[Opening PROVIDED ENTRIES section]
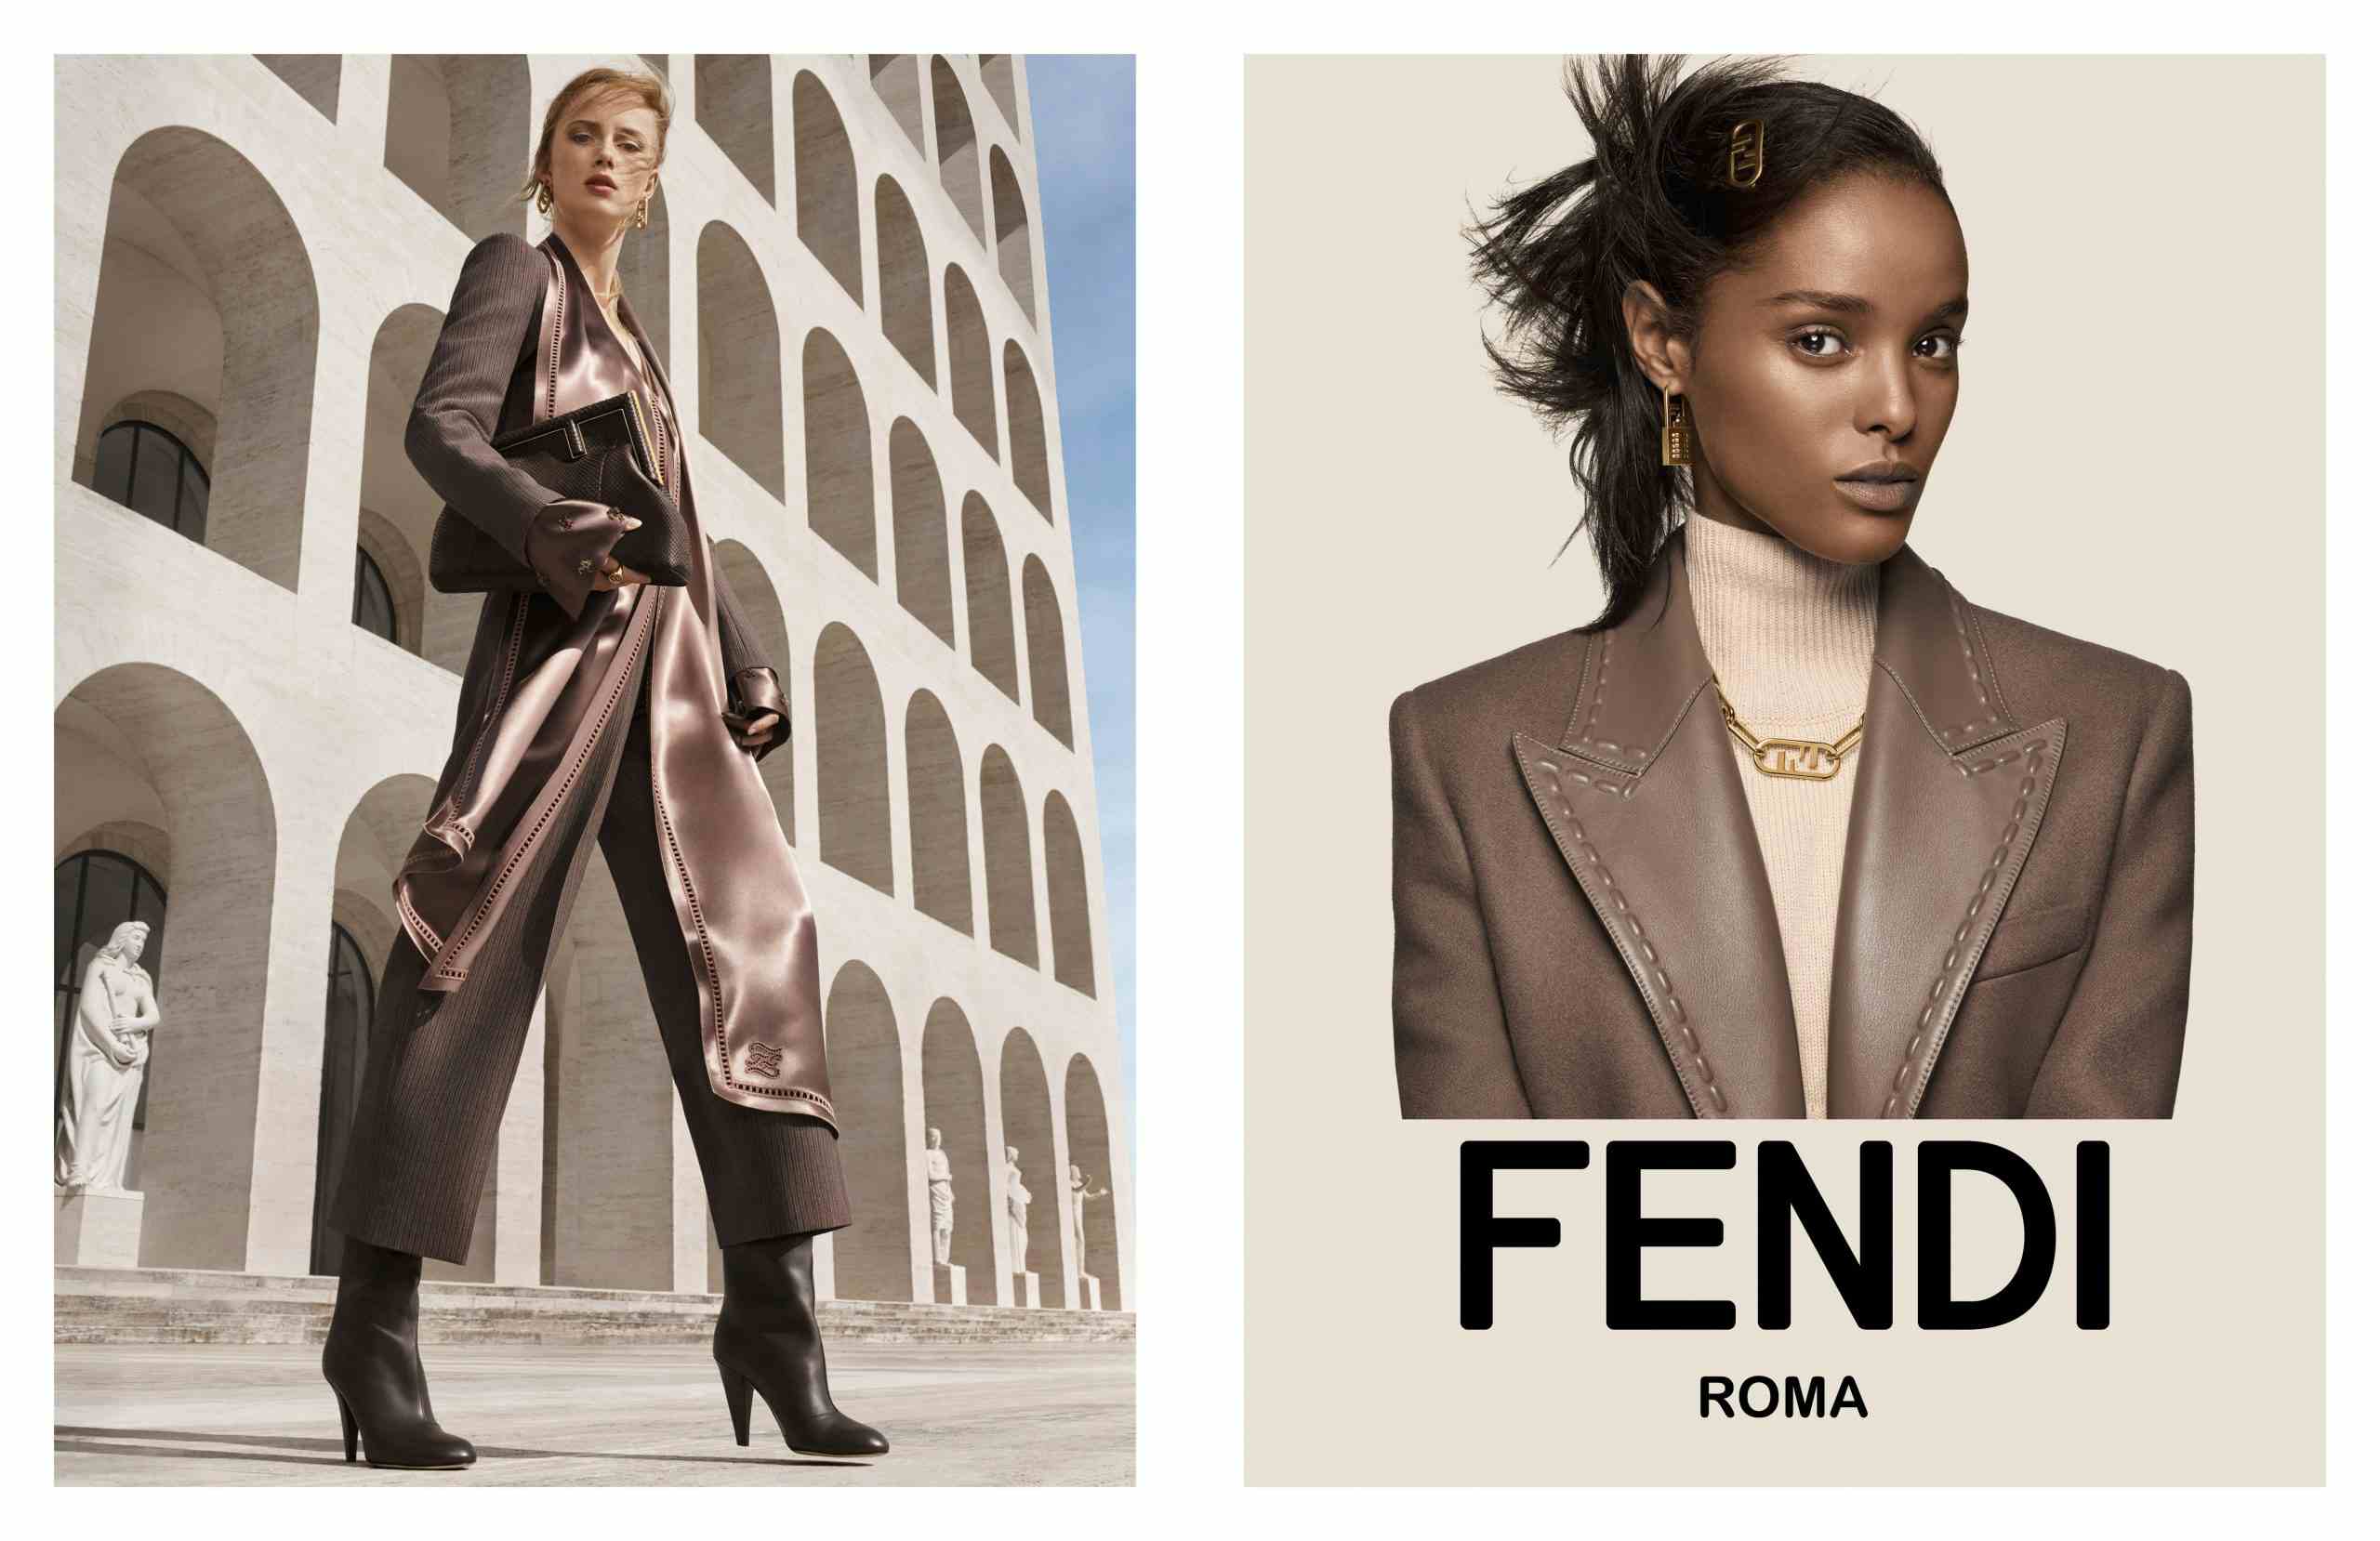 FENDI - FW21
Photographer: Craig McDean
Model: Rianne Van Rompaey, Malika Louback, He Cong, Tianna St Louis
Stylist: Melanie Ward
Location: Rome
[Closing PROVIDED ENTRIES section]
▶ **TASK INSTRUCTIONS**
Please print all the lines above exactly as given and leave out every picture.

▶ **RESPONSE AREA**
 FENDI - FW21
Photographer: Craig McDean
Model: Rianne Van Rompaey, Malika Louback, He Cong, Tianna St Louis
Stylist: Melanie Ward
Location: Rome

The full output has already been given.